Airline forced to park half its fleet amid coronavirus global outbreak

It looks like the boneyard holding the grounded Boeing Max 8 aircraft.

But don’t be fooled, because this yard full of around 120 planes sitting on the tarmac is just a glimpse of what is yet to come for the aviation industry.

As coronavirus sweeps the world, with around 92,000 cases confirmed and more than 3000 death globally, airlines are feeling the pinch as more and more holiday-makers cancel their trips abroad.

The outbreak poses a serious threat to the sector, with the industry bracing to battle a possible multimillion-dollar hit in revenue losses.

One airline in particular, Cathay Pacific, which is Hong Kong’s flagship airline, said the concerns around travel had become so widespread – they are keeping around 120 planes out of the sky at any one time.

RELATED: New case in Victoria, Sydney hospital staff quarantined

The holding yard has more and more planes added to in Hong Kong.Source:Supplied

RELATED: Why Australia is unable to stop the spread of coronavirus

Last week, Cathay said 75 per cent of staff, or 25,000 employees of the group, would take unpaid leave because of lack of flights booked.
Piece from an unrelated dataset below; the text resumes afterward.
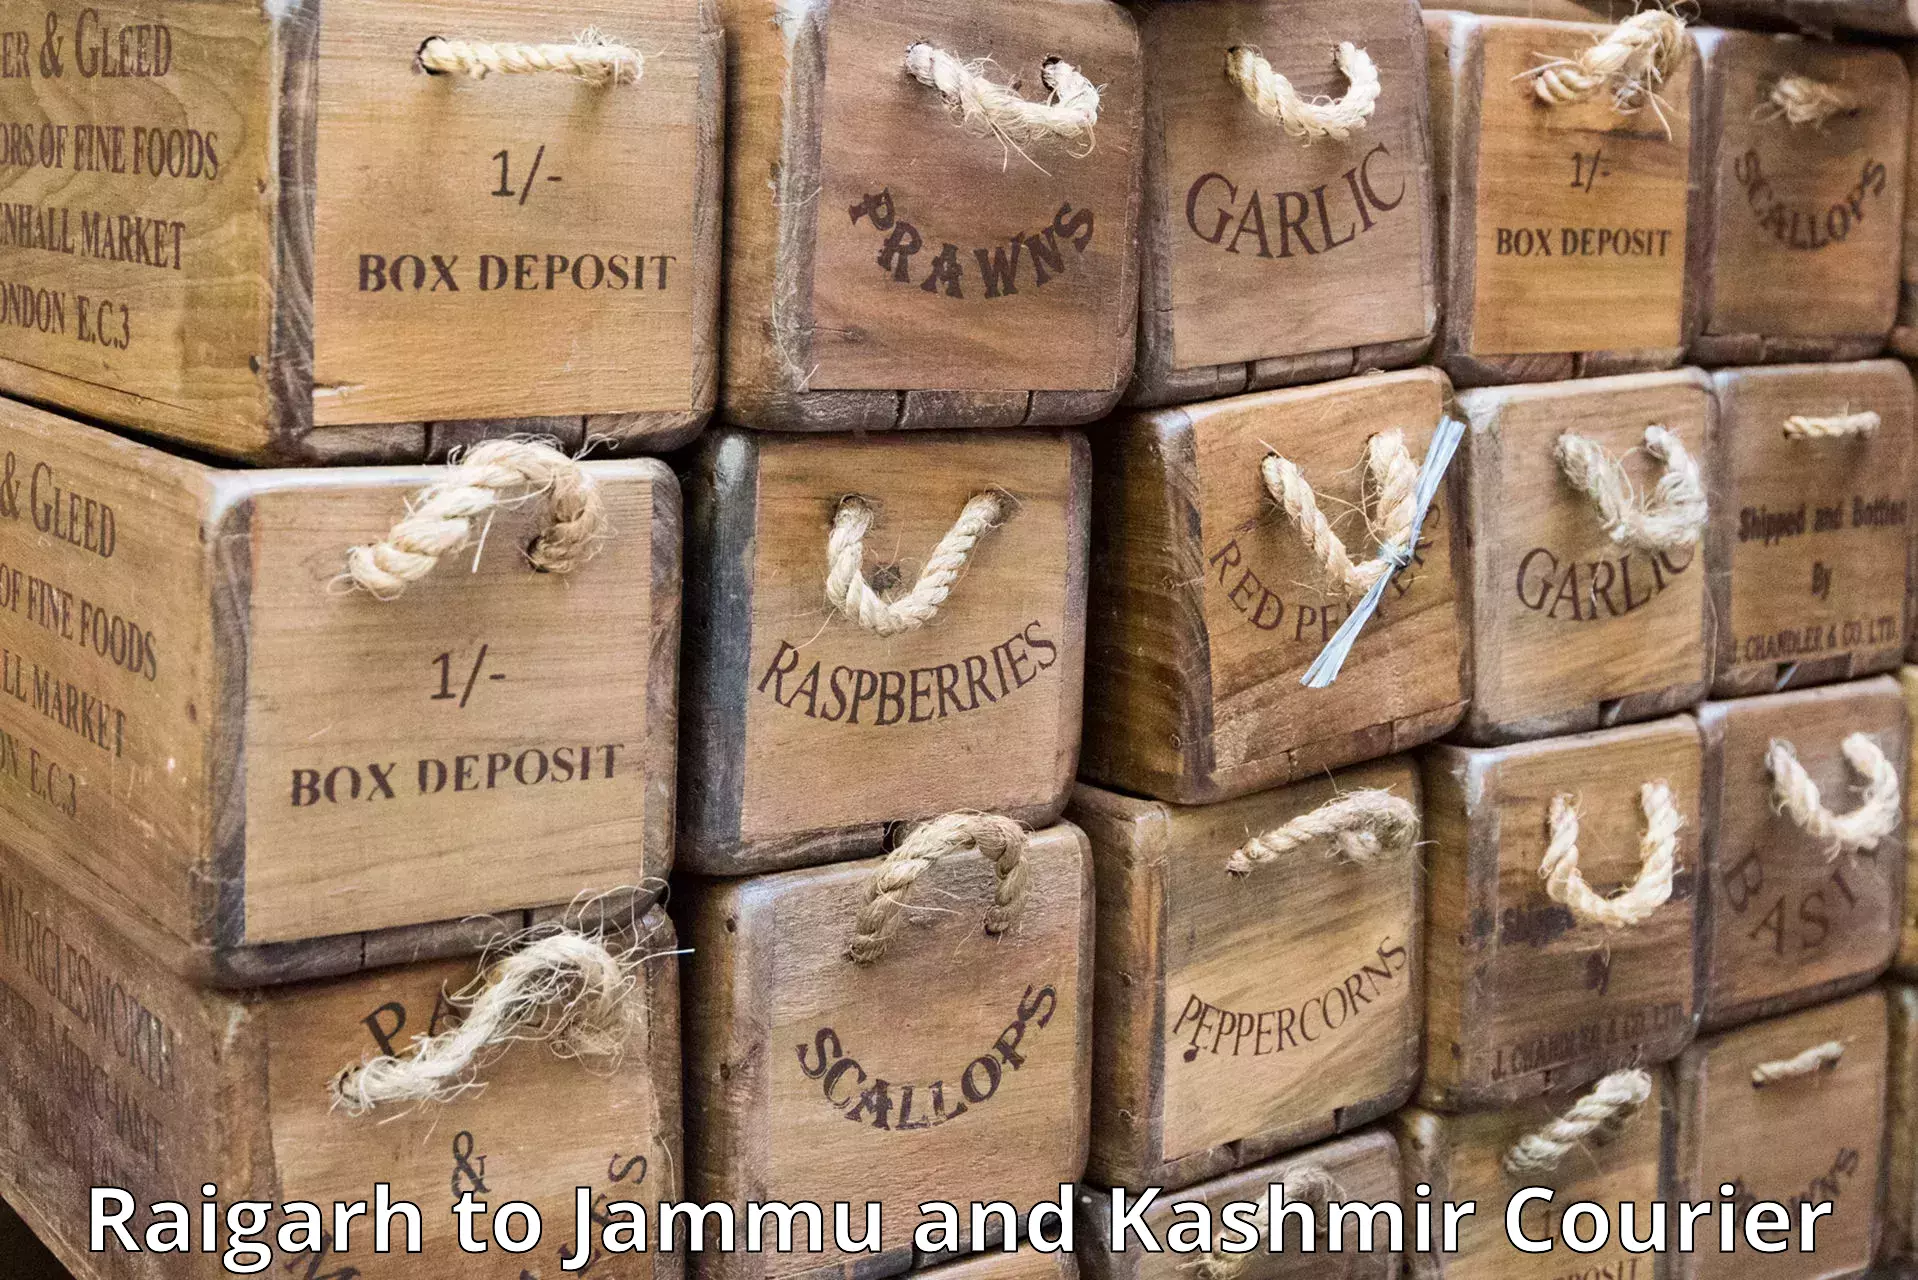 State-of-the-art courier technology Raigarh to Pulwama
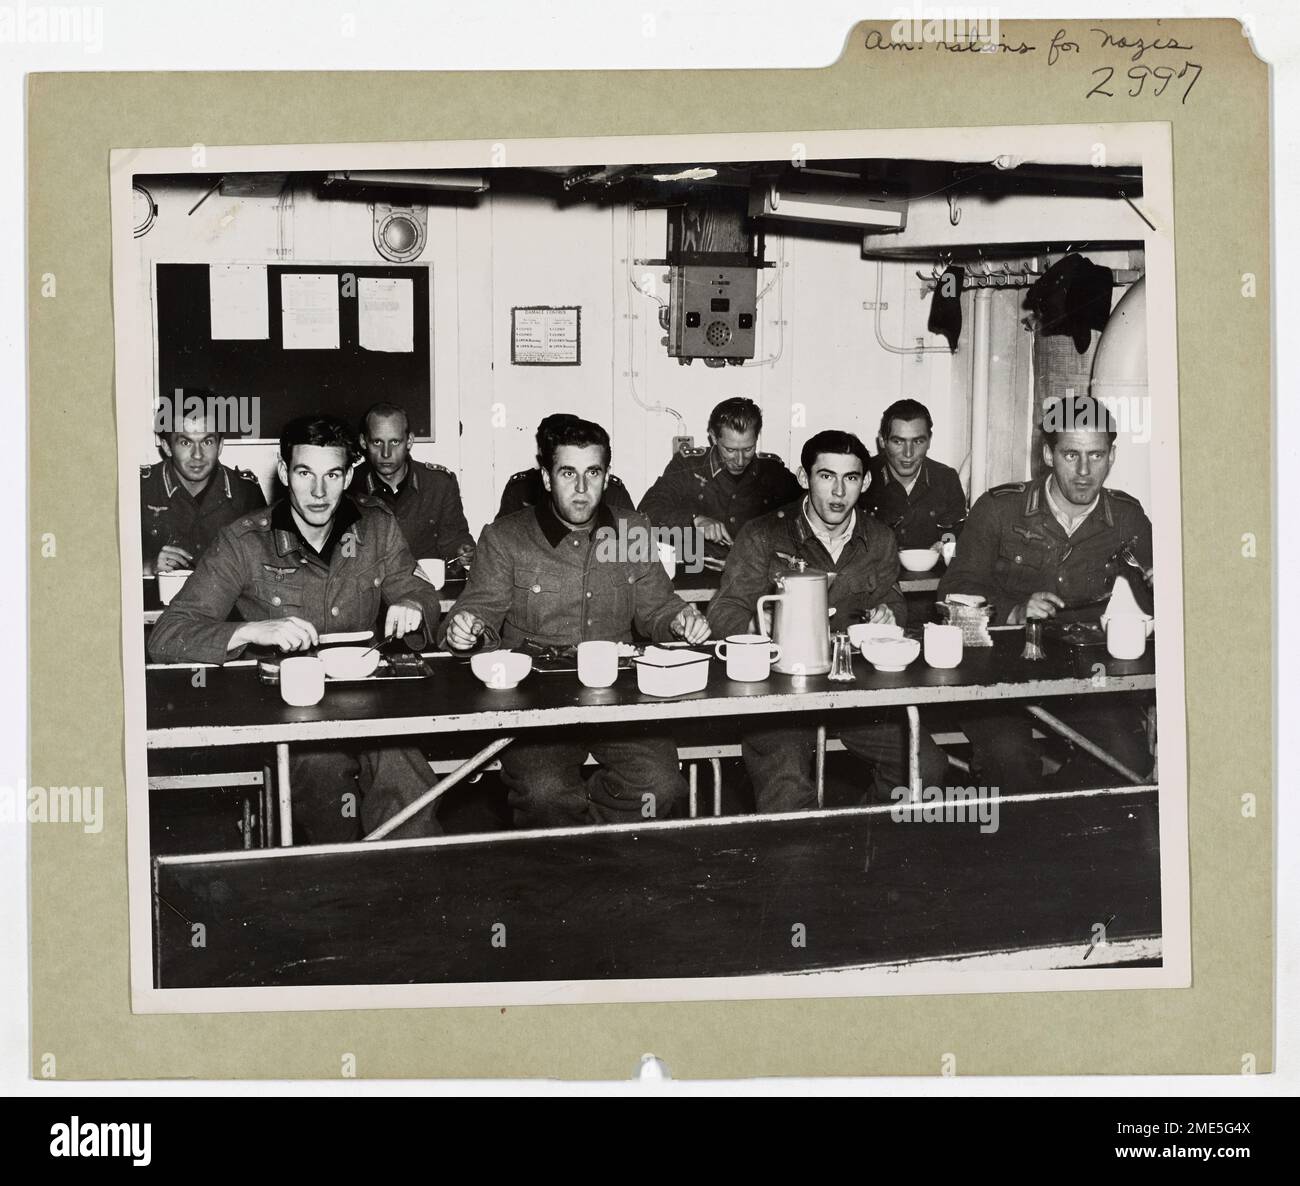 American Rations Taste Good To Nazis Captured in Surprise Greenland Attack. This image depicts Nazi prisoners of war brighten up a bit when they sit down to American Rations after being captured in a surprise Greenland action. Stock Photo

“We are continuously assessing our fleet and aircraft deployment in order to best align capacity with market demand,” a spokeswoman for the airline told the South China Morning Post, declining to address the number of parked planes.

However, it is understood that for the month of March, the airline has slashed a scheduled 1470 flights per week for Cathay Pacific and Cathay Dragon. That number has now been cut by more than 1120.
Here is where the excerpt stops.